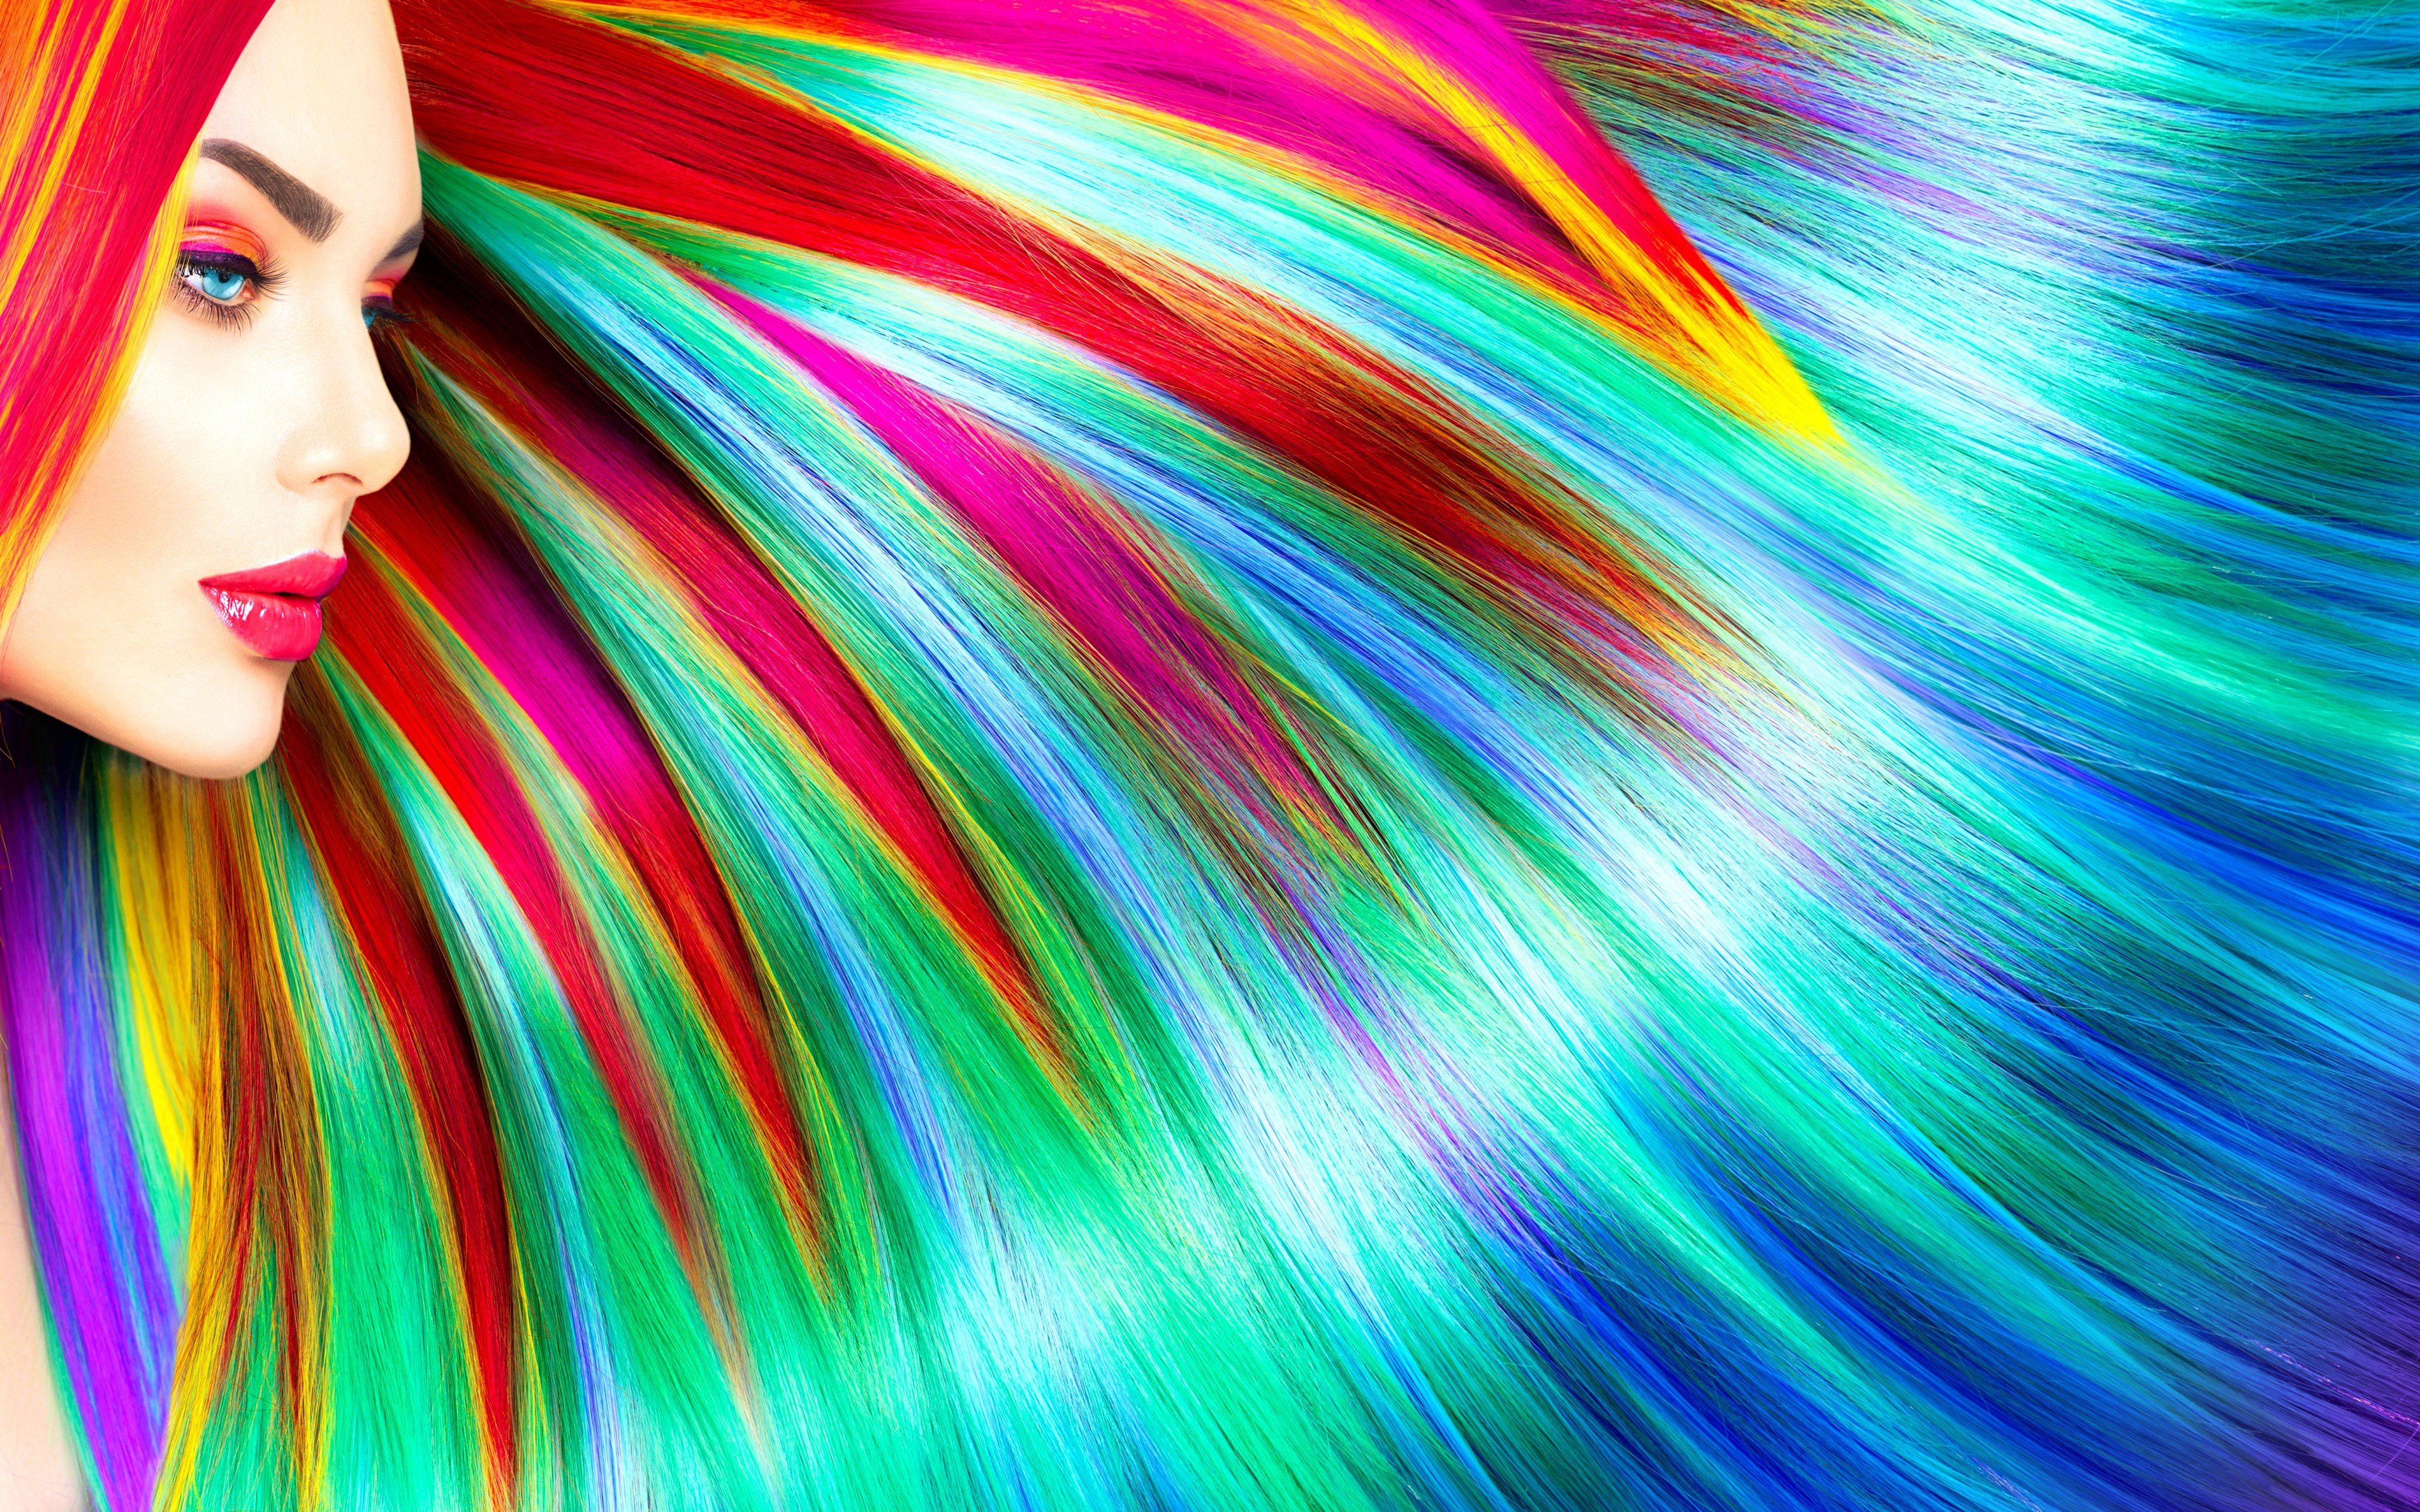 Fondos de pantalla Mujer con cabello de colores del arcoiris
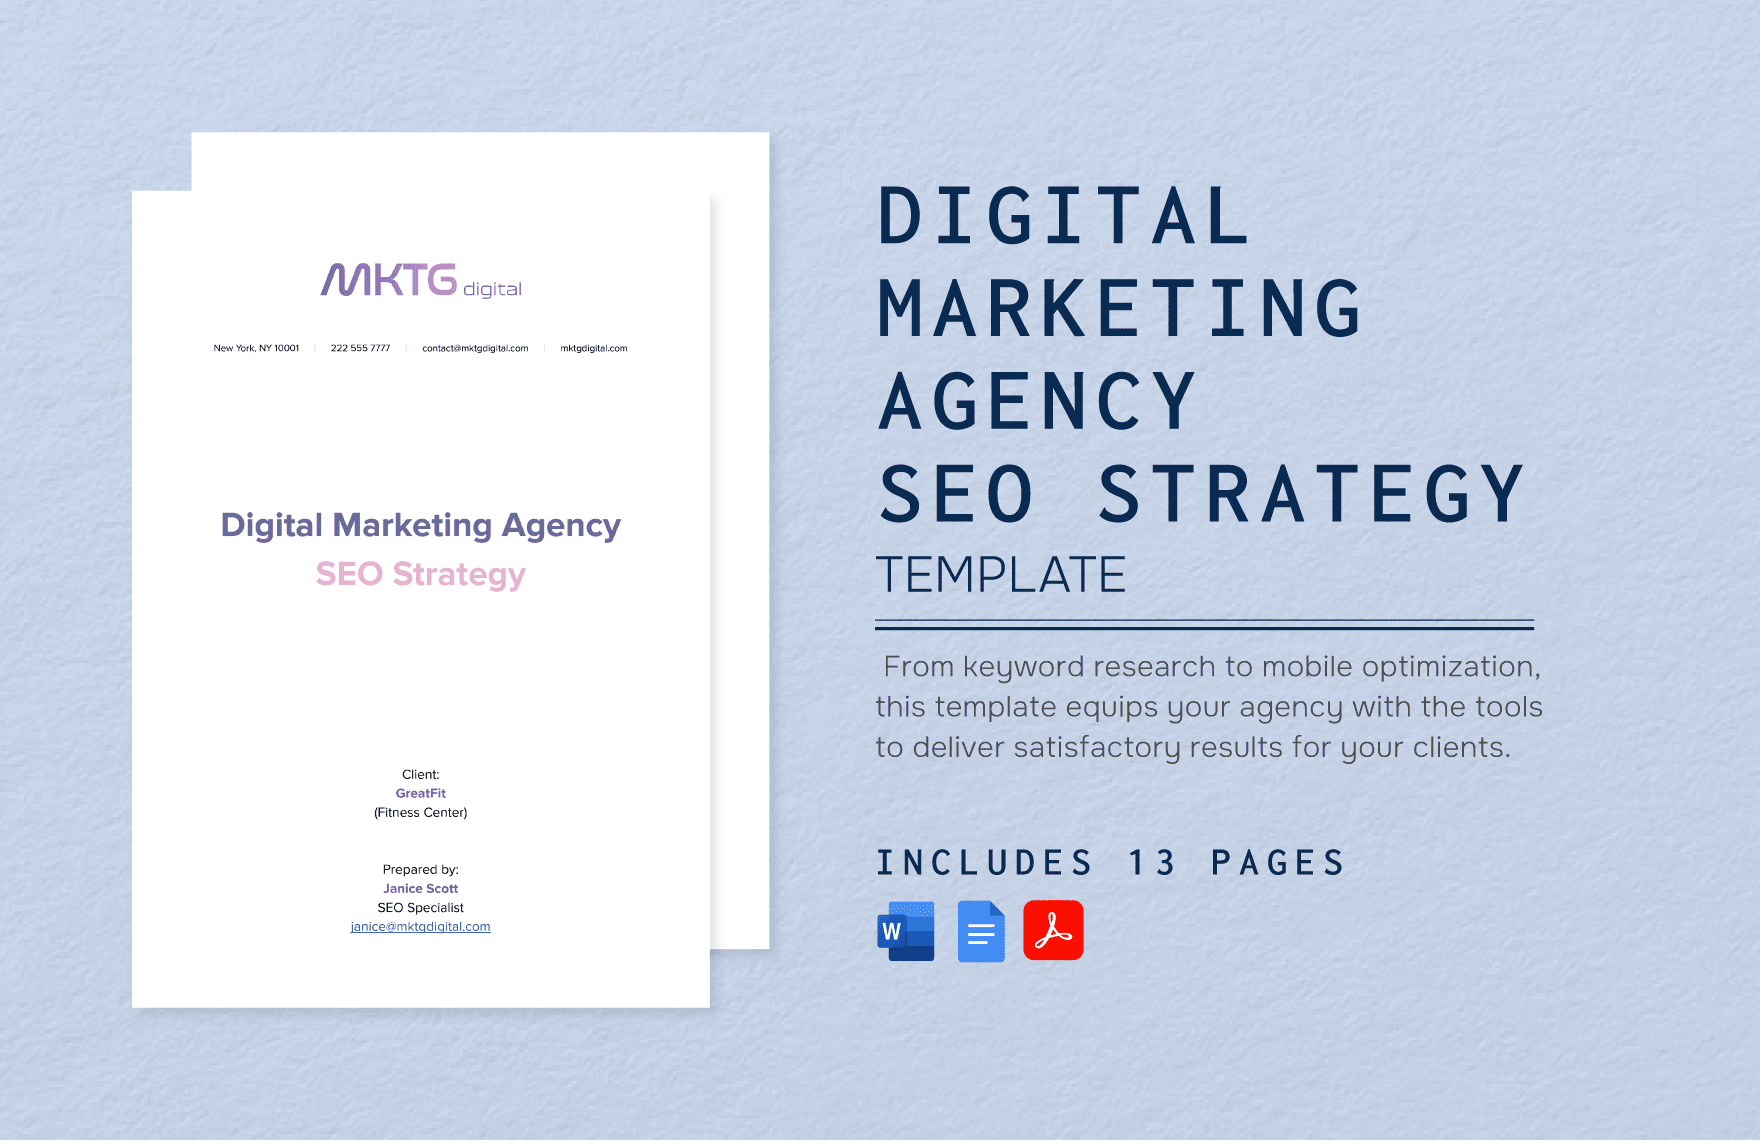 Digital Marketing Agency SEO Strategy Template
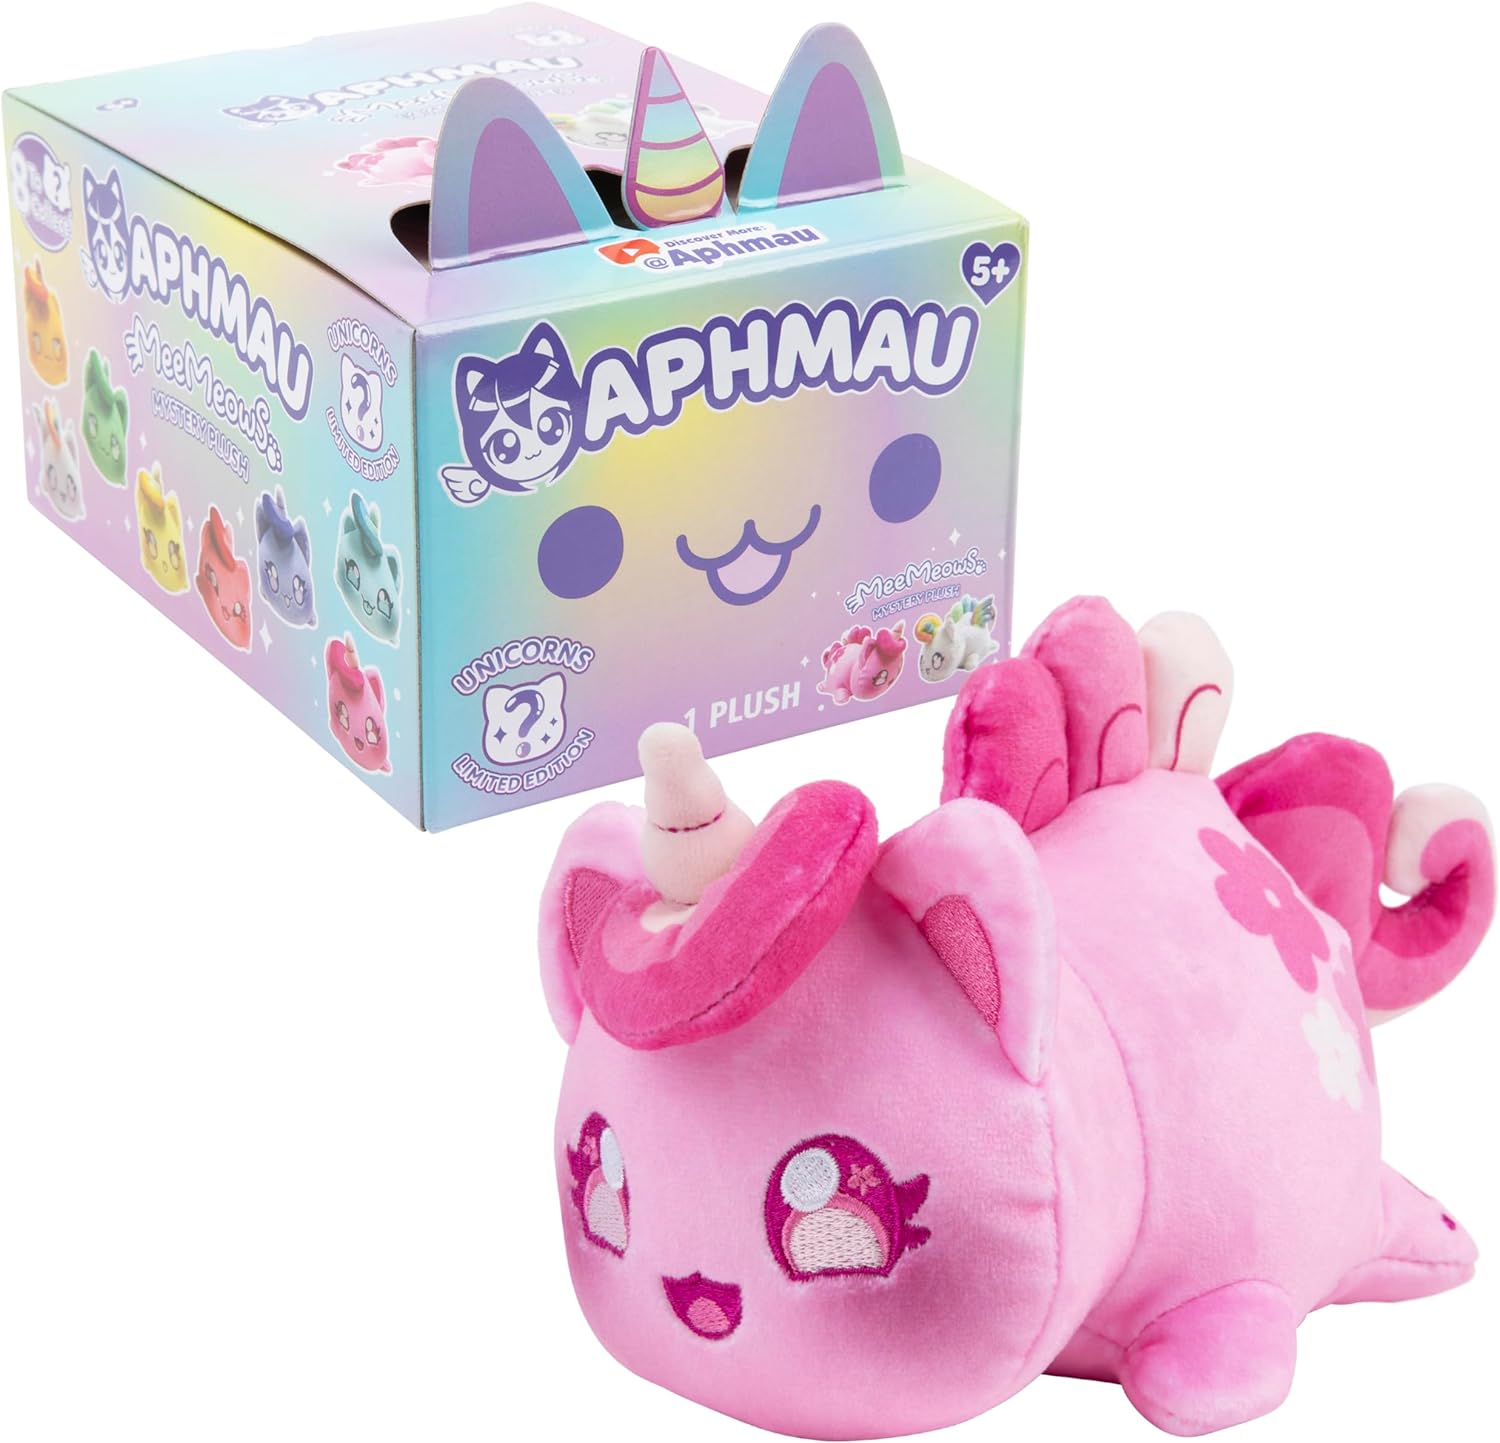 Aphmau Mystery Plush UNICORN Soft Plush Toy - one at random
━━━━━━━━━━━━━━━━━━━━
The expected answer is the whole listing above, copied exactly, with images excluded.

* [Expected answer]
 Fondos de pantalla Mujer con cabello de colores del arcoiris
 Digital Marketing Agency SEO Strategy Template
 Aphmau Mystery Plush UNICORN Soft Plush Toy - one at random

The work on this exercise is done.